====== SOURCE MATERIAL ======

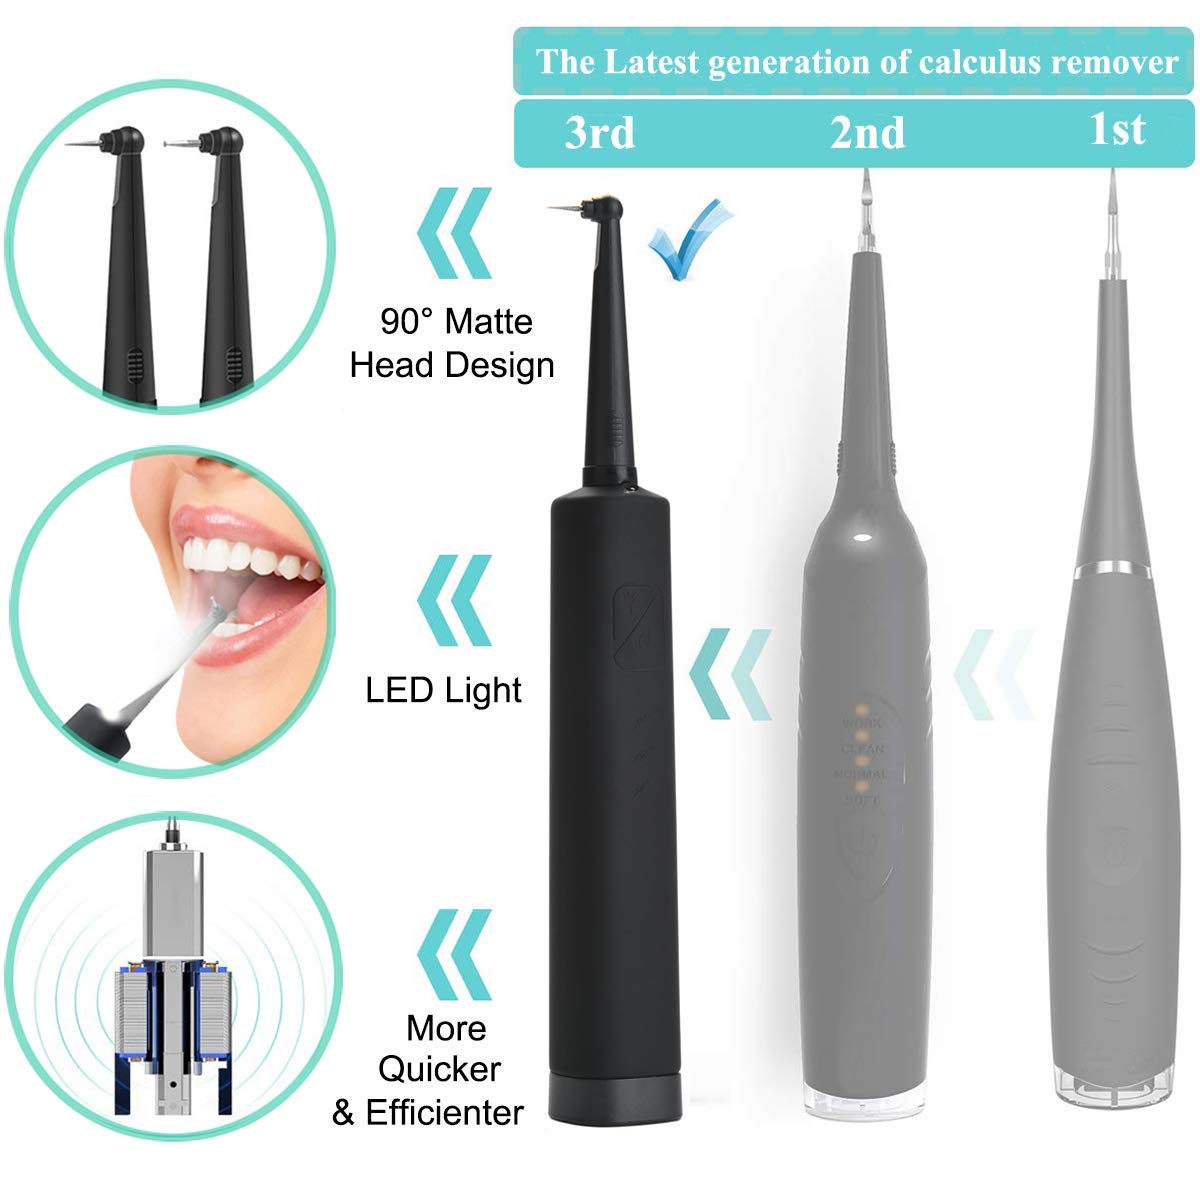 Tooth Calculus Remover Electric Sonic Dental Scaler dental tartar cleaner Cleaning Tooth Stains Tartar tool tooth whiten machin
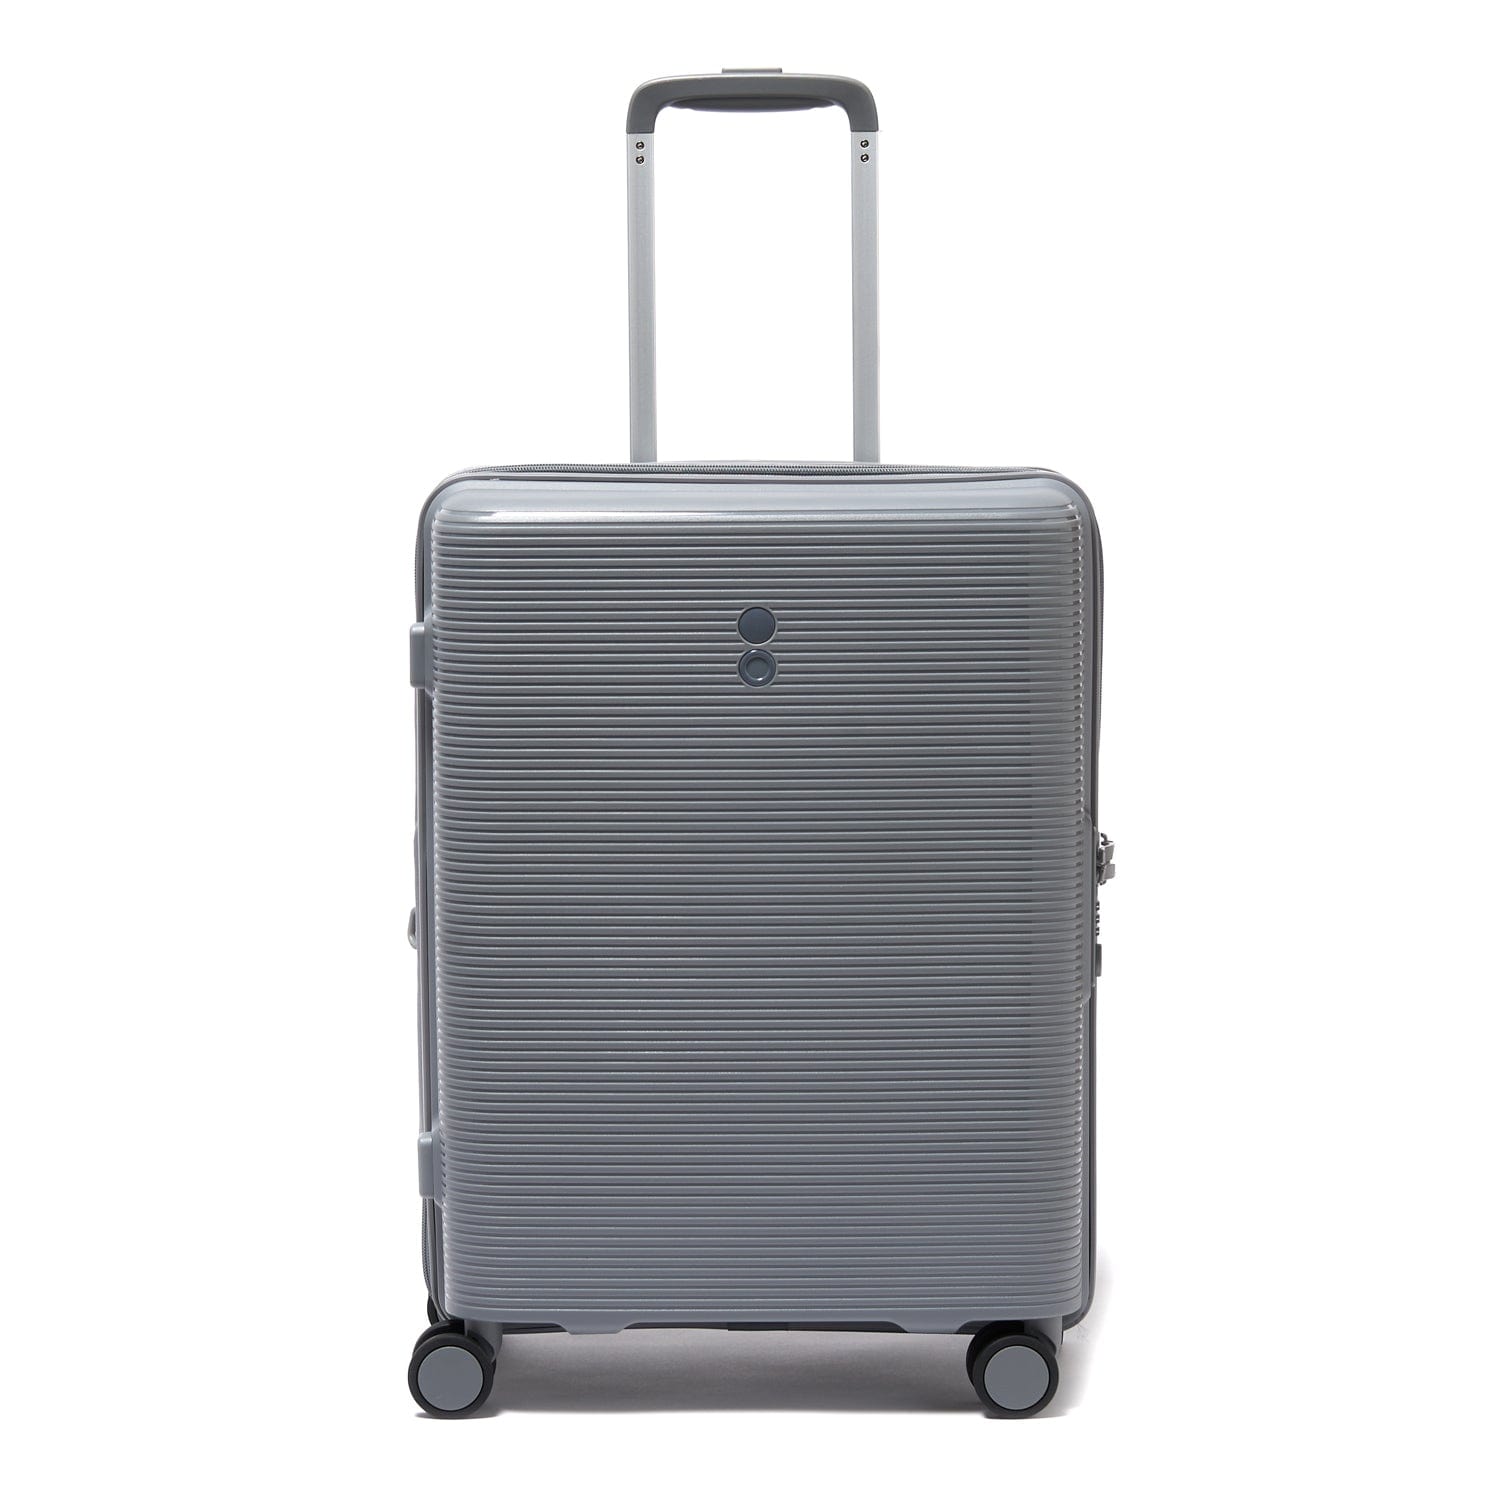 Echolac Forza 55cm Hardcase Expandable 4 Double Wheel Cabin Luggage Trolley Gray - PW005 20 Arctic Grey
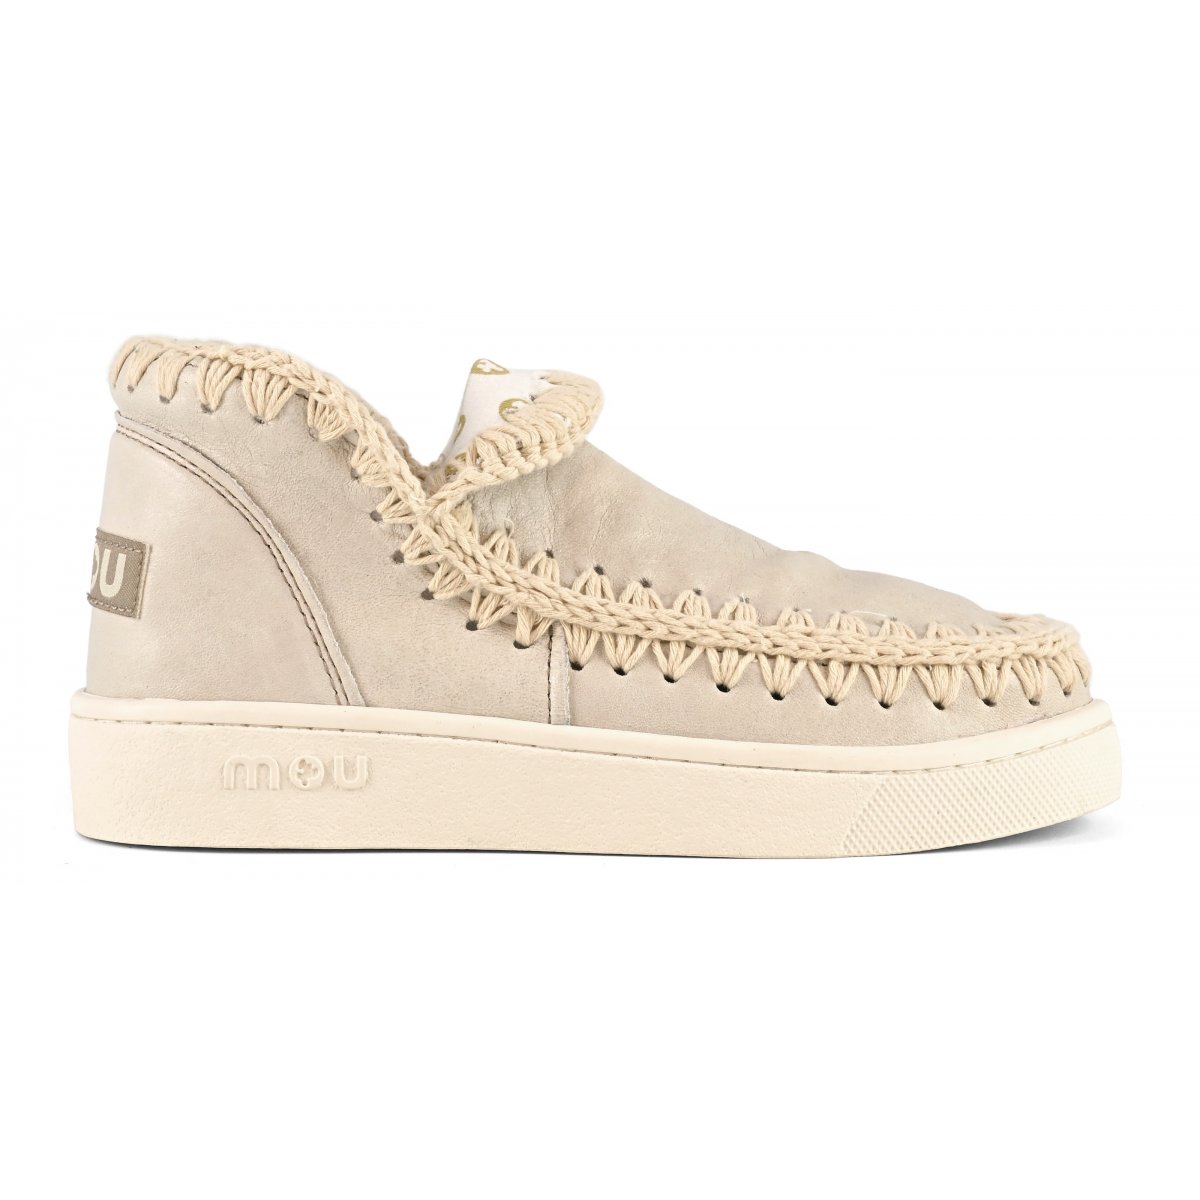 Summer Eskimo sneaker special leathers CSWHI img 1

======

## TASK TO COMPLETE
Word for word, restate the lines from the one containing "Echolac Forza 55cm" through the end of the listing, and nothing more. Skip the pictures.

## WRITTEN ANSWER
 Echolac Forza 55cm Hardcase Expandable 4 Double Wheel Cabin Luggage Trolley Gray - PW005 20 Arctic Grey
 Summer Eskimo sneaker special leathers CSWHI img 1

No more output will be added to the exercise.